Vous nous demandez aussi, monsieur Carpentier, de soutenir des textes qui viennent de l’autre bord s’ils nous paraissent bons. Nous l’avons déjà fait : souvenez-vous, par exemple, des emplois d’avenir. Nous voulons être une opposition constructive. On peut proposer, approuver, et aussi tout de même contester quand on est dans l’opposition, vous en conviendrez.

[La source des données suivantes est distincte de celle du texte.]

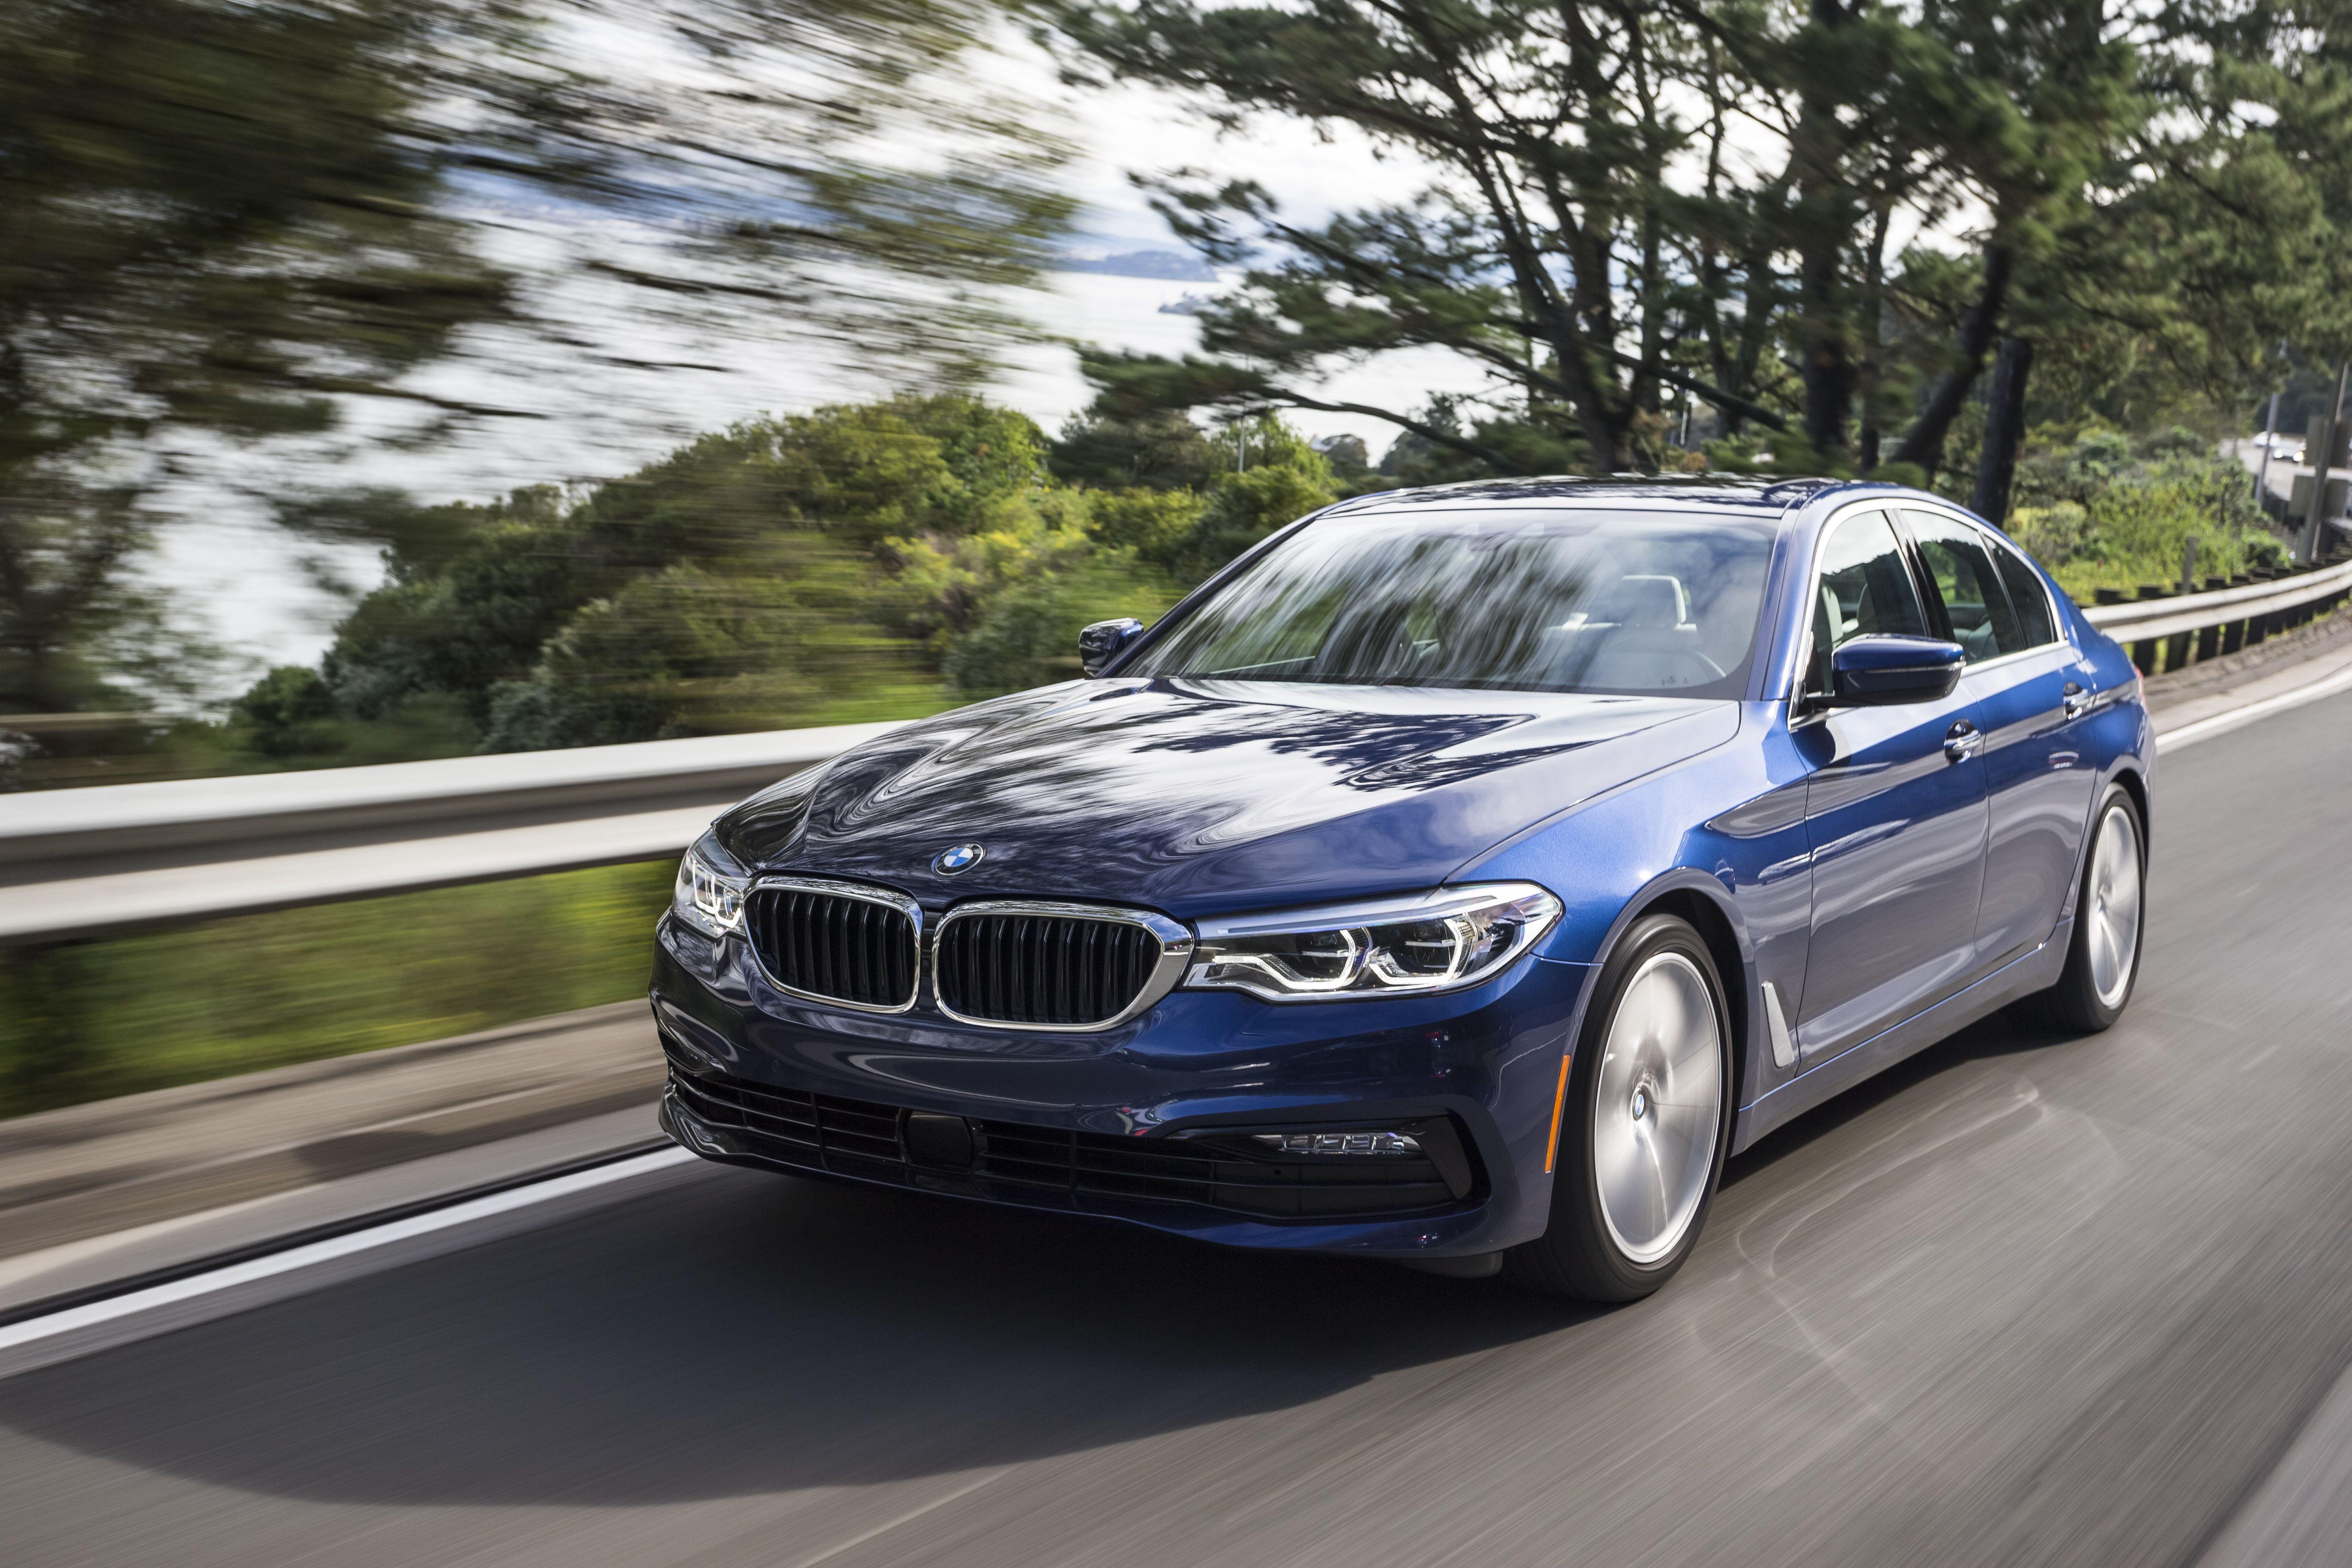 2017 BMW 530i WOW! Do I Miss My Ex! Focus Daily News

Madame Delaunay, vous avez rappelé les progrès accomplis depuis quarante ans, mais je vous ferai la même réponse qu’à Mme la secrétaire d’État : il n’y a pas eu de nouvelle molécule pour l’oncologie pédiatrique en quarante ans, ni de recherche spécifique. Vous me reprochez d’avoir déclaré que c’était honteux pour notre pays, mais il n’est pas tenable pour une société d’expliquer que l’on n’a pas recherché sur des cancers qui ont encore aujourd’hui 100 % de létalité. Vous m’avez parlé en commission de traitements par rayons, mais pourquoi n’y a-t-il aucun appel à projet de recherche sur ces cancers, quand bien même ils touchent très peu d’enfants ? Une société qui n’est pas capable de répondre à ces enfants et à leurs parents autre chose qu’ « on n’a pas cherché parce que ce n’est pas rentable pour l’industrie pharmaceutique et qu’on n’est pas capable de dégager des moyens publics », nous paraît inacceptable.

Et puis vous me reprochez une deuxième fois, après l’avoir fait en commission, de dresser une frontière entre les cancers des adultes et ceux des enfants. Mais cette frontière existe : rencontrez les chercheurs comme je l’ai fait en préparant mon rapport, et vous verrez qu’ils regrettent de ne pas pouvoir répondre à des appels à projet financés dans le domaine de l’oncologie pédiatrique et que leurs équipes ne puissent pas y projeter une carrière. Ils se tournent donc vers ce qui permet de développer des projets de recherche de long terme, soit pour l’essentiel dans le domaine de l’oncologie adulte.

Enfin, j’ai été assez surpris, madame Delaunay, de vous entendre dire que vous ne pouviez me suivre sur le principe d’une telle taxe. Pourtant, vous comprenez bien celui d’une taxe à 1,6 % qui va rapporter 320 millions, puisque vous venez de la voter il y a quelques semaines, alors que le principe d’une taxe à 0,05 %, qui rapporterait 10 millions, vous choque.